17. GENERAL PROVISIONS
17.1 Anti-Corruption. You agree that You have not received or been offered any illegal or improper bribe, kickback, payment, gift, or thing of value from any of Our employees or agents in connection with this Agreement. Reasonable gifts and entertainment provided in the ordinary course of business do not violate the above restriction.
17.2 Entire Agreement and Order of Precedence. This Agreement is the entire agreement between the parties regarding Your use of Services and Content and supersedes all prior and contemporaneous agreements, proposals or representations, written or oral, concerning its subject matter. Except as otherwise provided herein, no modification, amendment, or waiver of any provision of this Agreement will be effective unless in writing and signed by the party against whom the modification, amendment or waiver is to be asserted. The parties agree that any term or condition stated in Your purchase order or in any other of Your order documentation (excluding Order Forms) is void.
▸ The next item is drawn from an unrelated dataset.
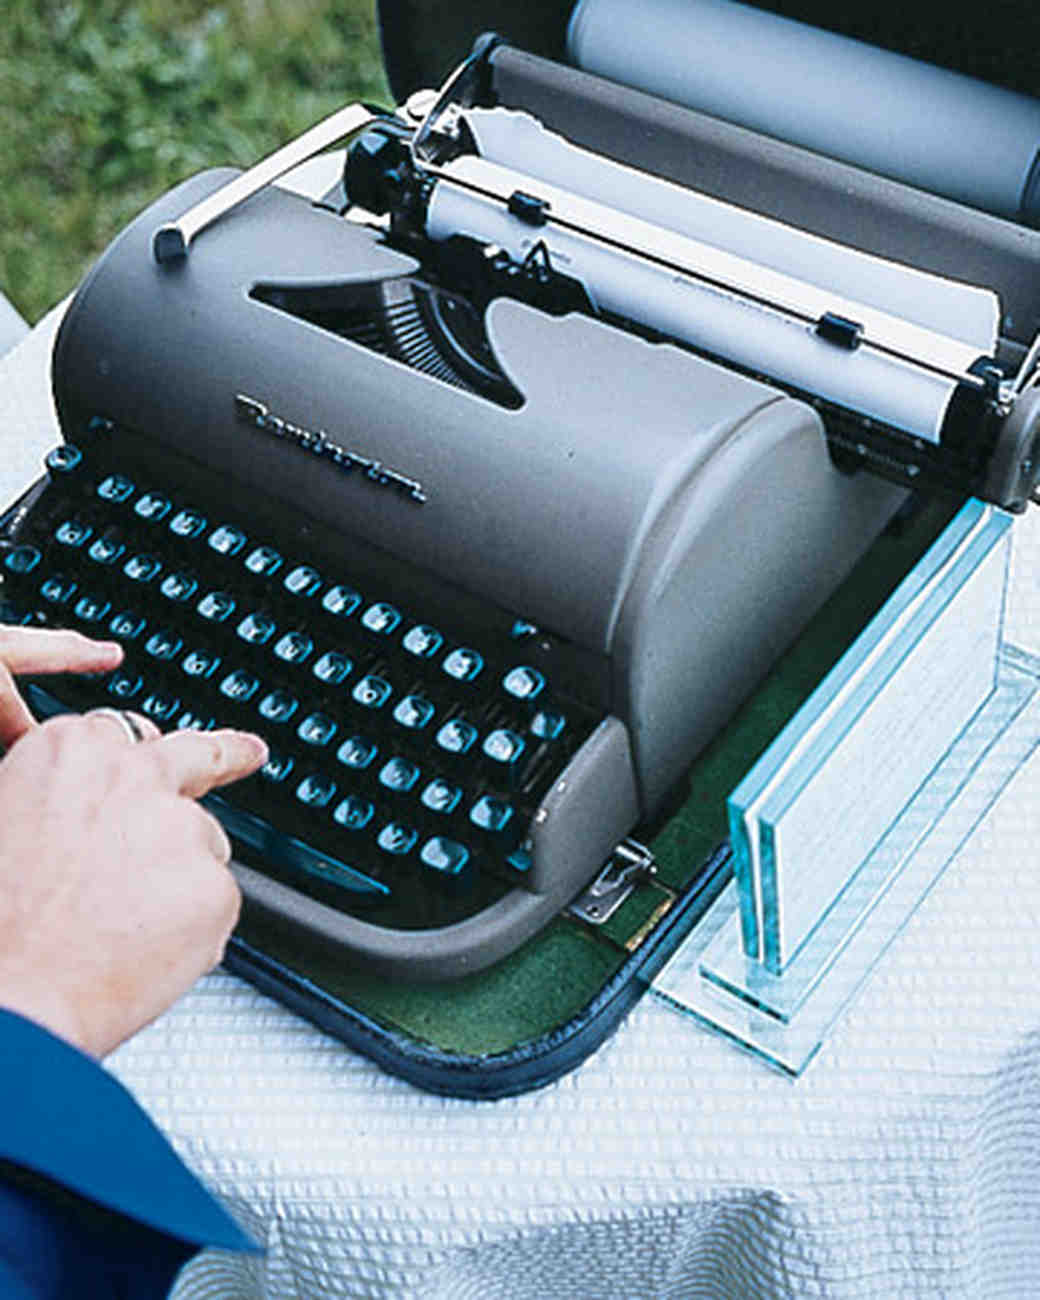 mwa102447_spr07_typewriter.jpg
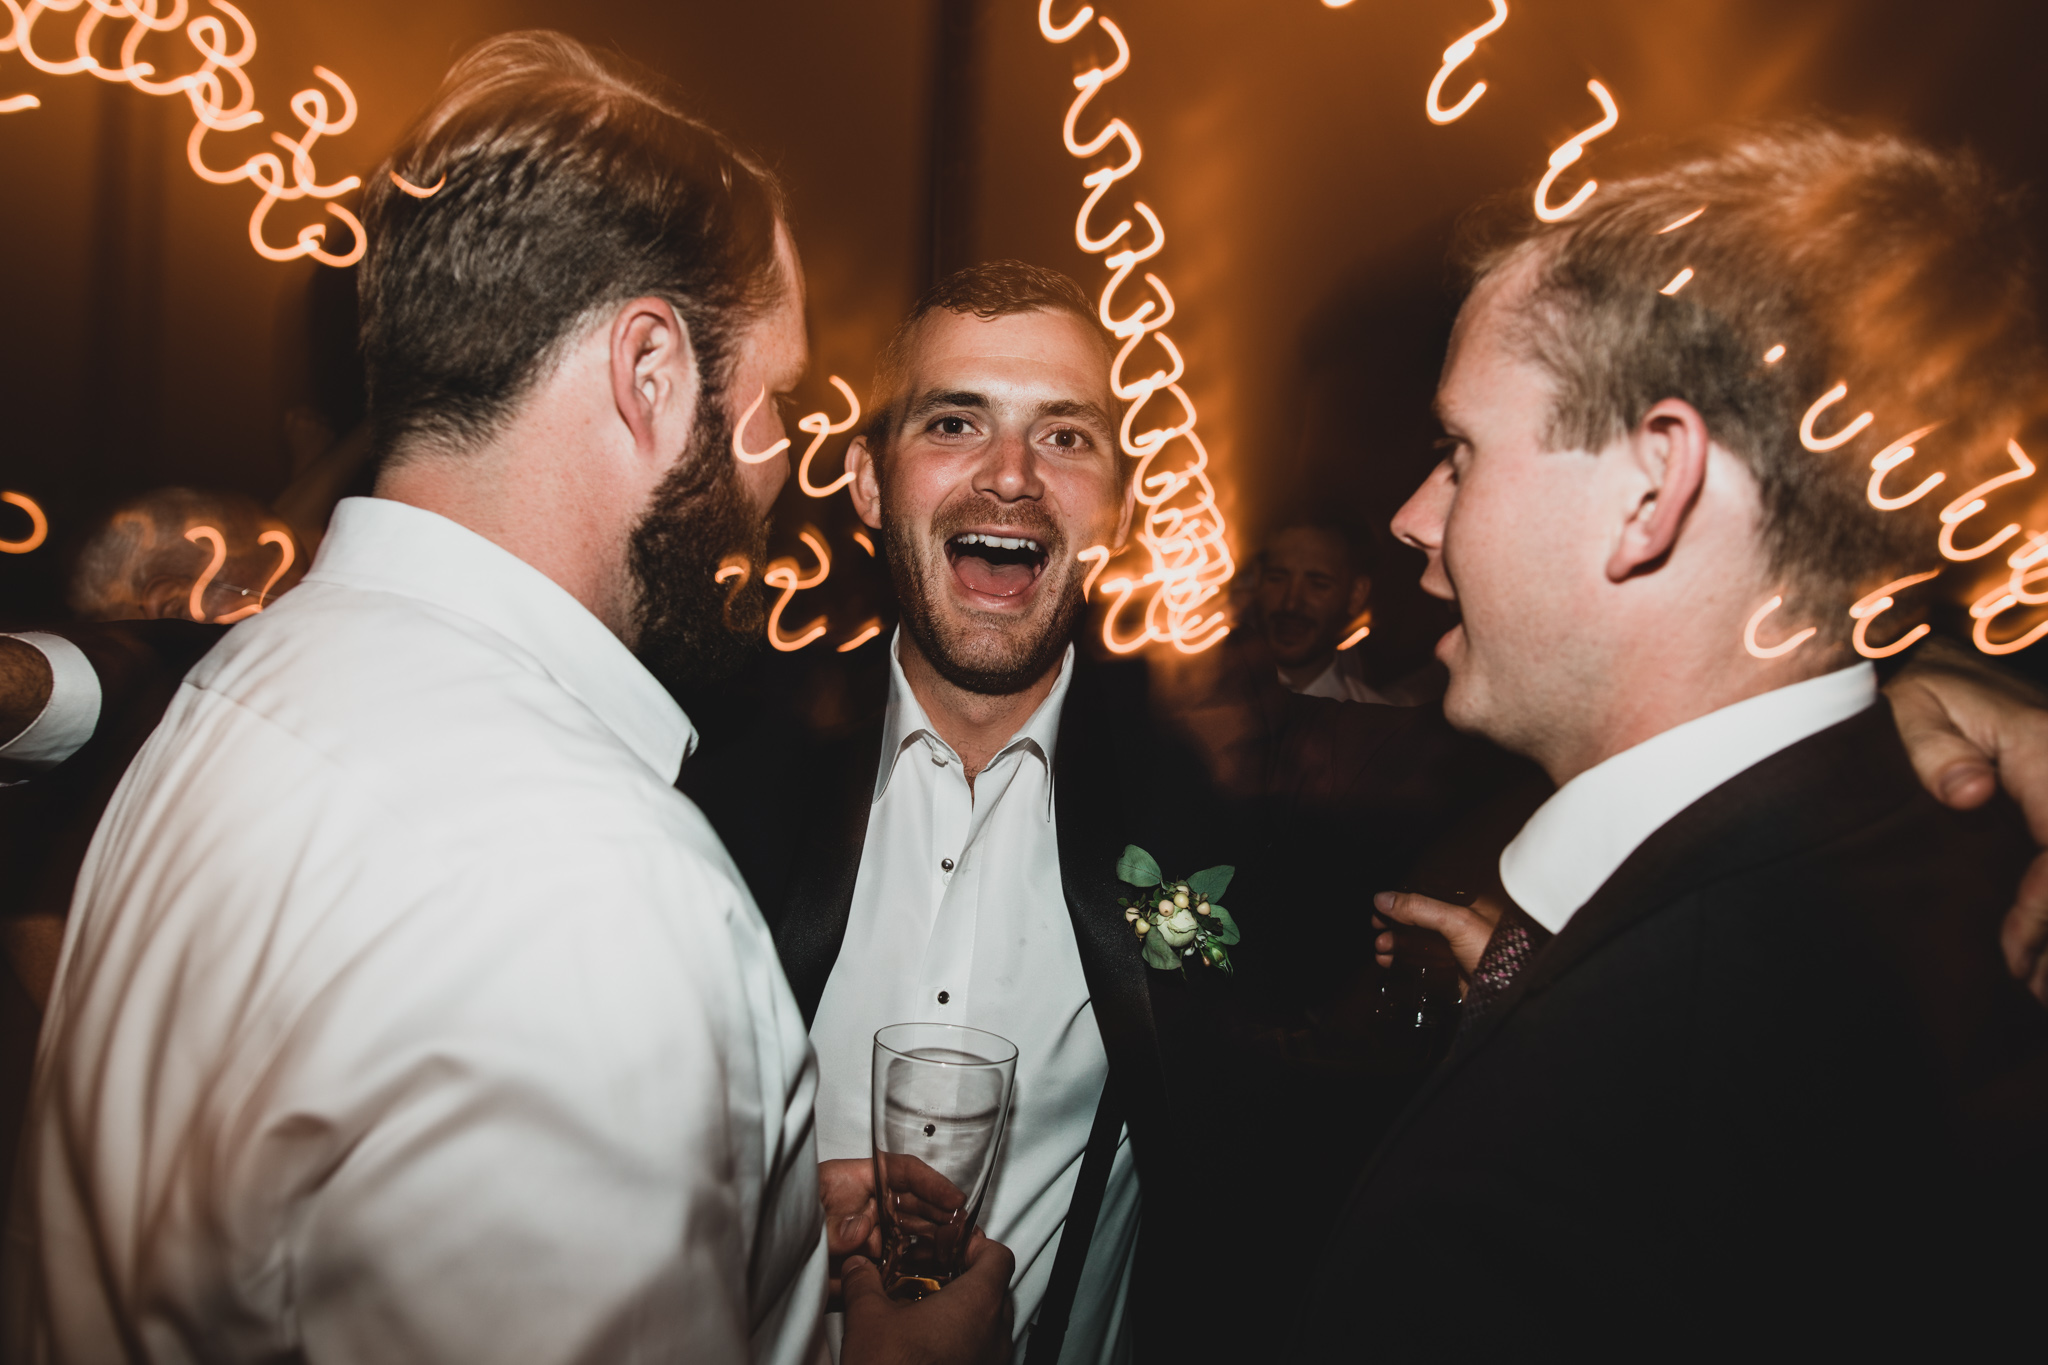 Artistic Wedding Imagery, Ottawa

In the event of any conflict or inconsistency among the following documents, the order of precedence shall be: (1) the applicable Order Form;(2) the Terms, (3) the DPA; (4) the API Terms of Use, (5) Email Acceptable Use Policy (6) the Documentation;(7) the Privacy Policy.
17.3 Neither party may assign any of its rights or obligations hereunder, whether by operation of law or otherwise, without the other party’s prior written consent (not to be unreasonably withheld); provided, however, either party may assign this Agreement in its entirety (together with all Order Forms), without the other party’s consent to its Affiliate or in connection with a merger, acquisition, corporate reorganization, or sale of all or substantially all of its assets. Notwithstanding the foregoing, if a party is acquired by, sells substantially all of its assets to, or undergoes a change of control in favor of, a direct competitor of the other party, then such other party may terminate this Agreement upon written notice. In the event of such a termination, We will refund to You any prepaid fees allocable to the remainder of the Terms of all subscriptions for the period after the effective date of such termination. Subject to the foregoing, this Agreement will bind and inure to the benefit of the parties, their respective successors and permitted assigns.
17.4 Relationship of the Parties. The parties are independent contractors. This Agreement does not create a partnership, franchise, joint venture, agency, fiduciary or employment relationship between the parties; and You shall not represent to the contrary, whether expressly, by implication, appearance or otherwise.
17.5 Third-Party Beneficiaries. There are no third-party beneficiaries under this Agreement.
17.6 Failure of either Party to exercise or enforce any provision of or any of its rights under the Agreement shall not be deemed a waiver of future enforcement of that or any other provision or right.
17.7 If any term, condition or provision of this Agreement is held to be invalid, unenforceable or illegal in whole or in part for any reason, that provision shall be enforced to the maximum extent permissible so as to affect the intent of the parties. The validity and enforceability of the remaining terms, conditions or provisions, or portions of them, shall not be affected.